対策を後回しにしてしまった場合、損害賠償請求されるなどの金銭的なリスクはもちろんですが、最近では従業員がSNSに企業の労務管理が不十分だと書き込むケースが見られます。こういった書き込みが意図せず拡散されてしまうと、人材の確保だけでなく企業の経営自体にも影響を与える可能性があります。
これまで慣習としていたものについても、改めて会社として対策を検討していくことが望ましいでしょう。
慣習を今一度見直したうえで、就業規則に始業前の出勤や準備などについて記載して周知しておくことをお勧めします。
どのように管理するのが望ましいの?
始業前に参加が必須の朝礼などをすることはトラブルのもと、とお伝えしてきました。しかしそれ以外にも、始業時刻に関するお悩みとして以下のようなケースが挙げられます。

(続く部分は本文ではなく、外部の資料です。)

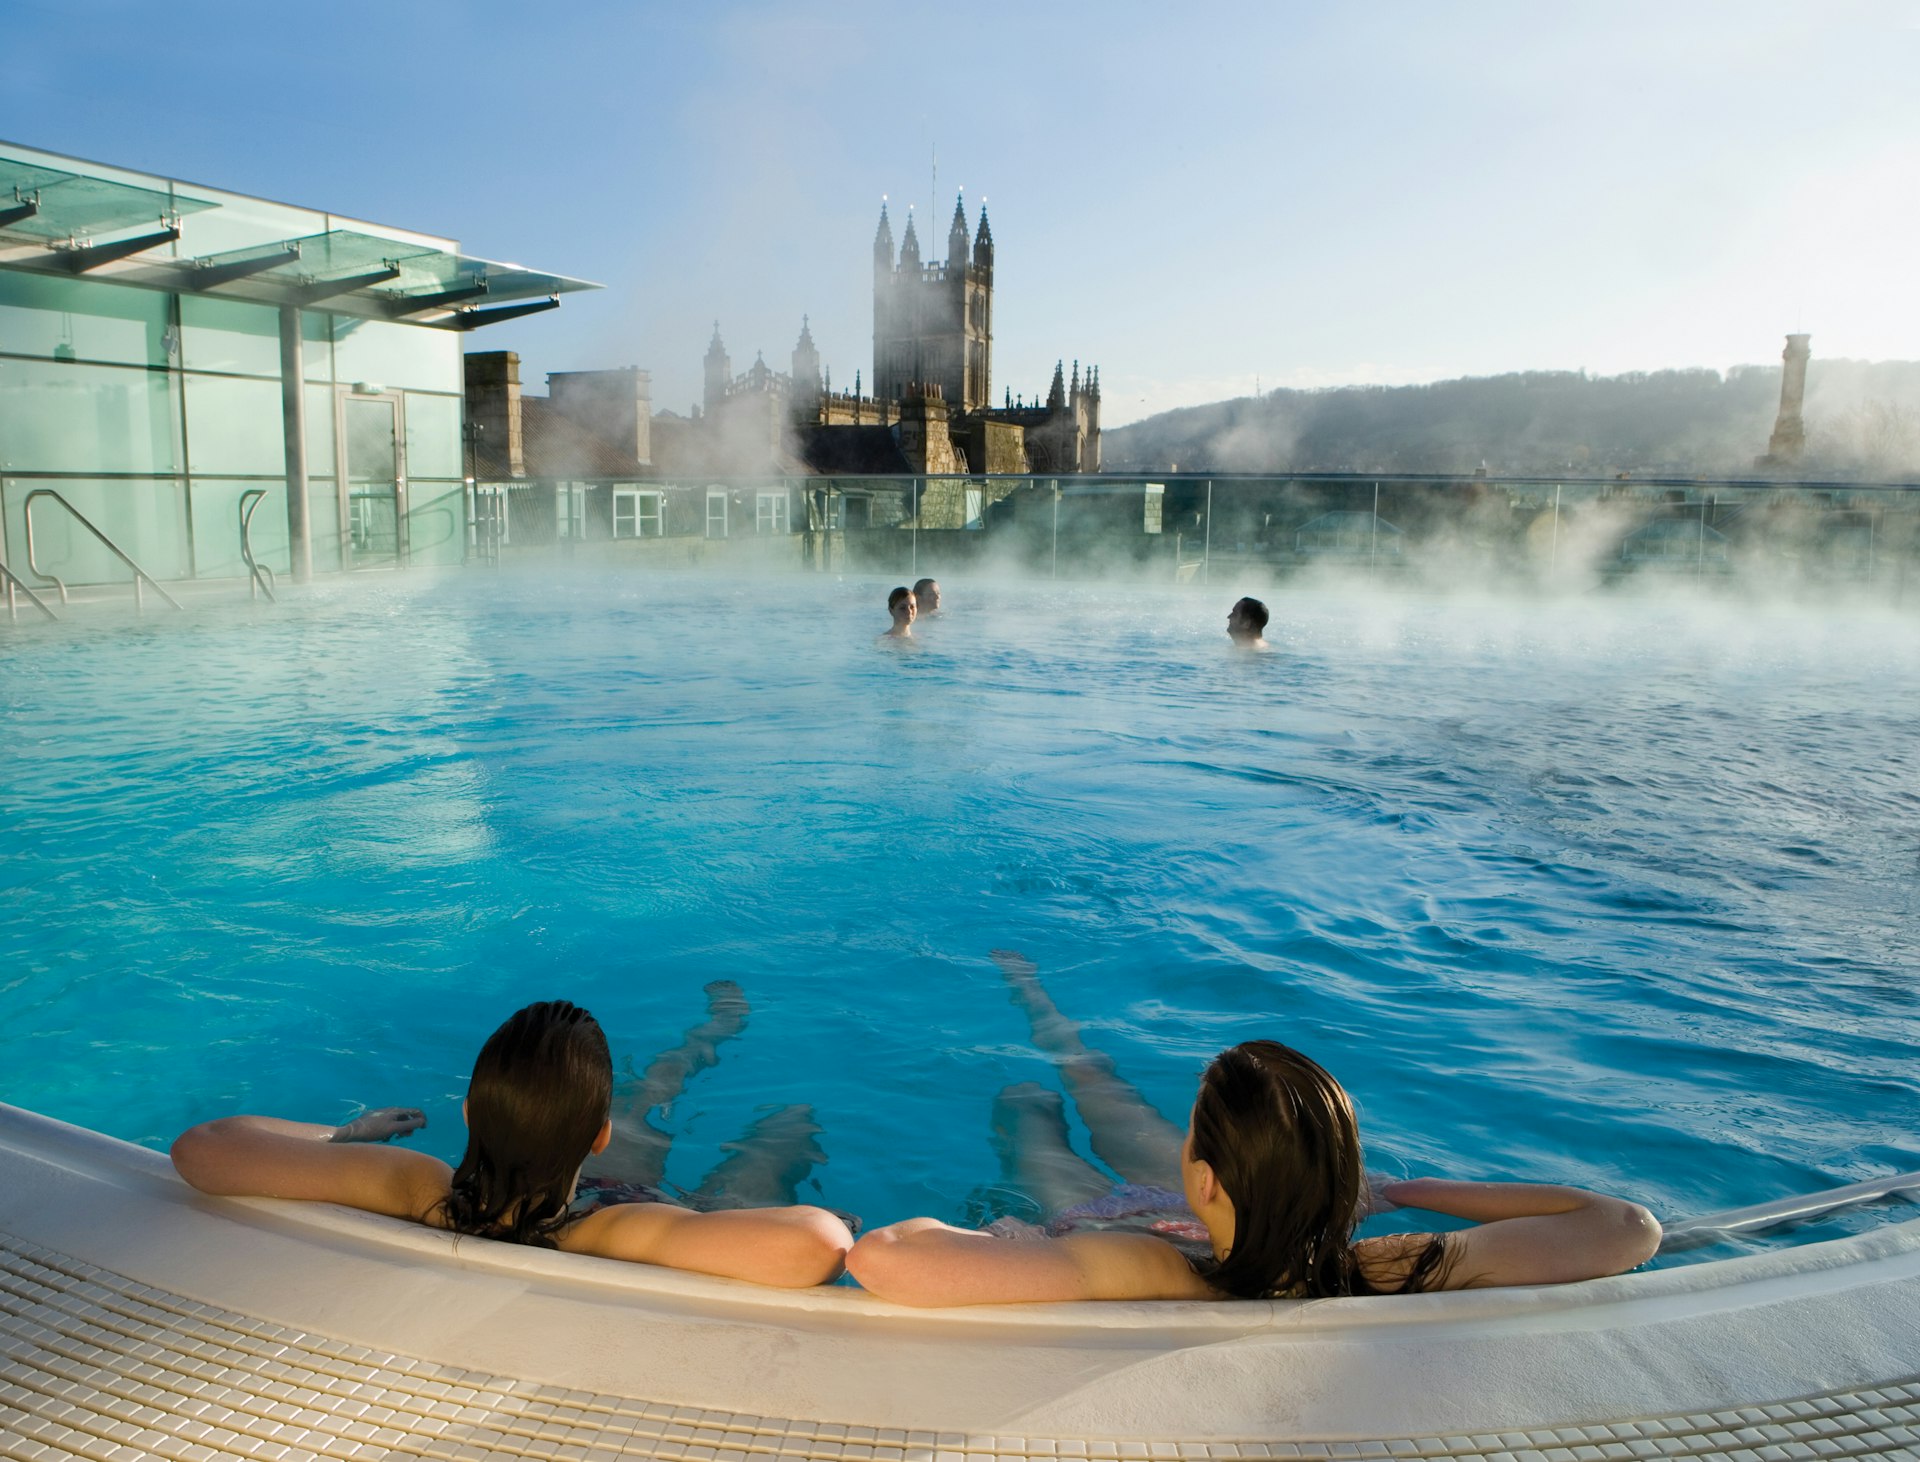 Two people lounge on the edge of a rooftop swimming pool with their backs to the camera. Steam rises from the water. A cathedral building is in silhouette in the distance

Aさん:9時始業としているが、朝の通勤ラッシュがいやだからと8時に出勤し、打刻している。始業時刻まではコーヒーを飲んだり、新聞を読んだりしていて労働はしていない。
Bさん:9時始業としているが、顧客からの要望があったため8時から商談をする。
AさんとBさんもどちらも8時からオフィスにいるという点では同じですが、Aさんは労働していません。しかし打刻はしているため、8時からの時間が労働時間として集計されています。
企業の人事総務担当者の皆さまとしては、「Aさんは労働時間ではなく、Bさんは労働時間」として取り扱いたいのではないでしょうか。
クラウド勤怠管理システムKING OF TIMEでできること
そこでお勧めしたいのが、KING OF TIMEの「始業時刻前の勤務を申請制とする」機能です。
始業時刻の9時以前に打刻をしていたとしても、申請がなければ労働時間として集計しないことができます。Bさんのように本当に働いている場合には申請させることで、労働時間として集計することが可能です。
仮にAさんのように労働していないにも関わらず申請してきた場合には、その申請を棄却することができます。棄却時に管理者から棄却の理由を記入することで、どのような理由で認められなかったかを明記しておくことが可能です。
このような制度や機能はたしかに有効ですし便利ですが、導入するだけでは意味がありません。
きちんと従業員へ周知し、管理者からも継続的な声かけをしていくことで、企業の風土として根付かせていくことも大切です。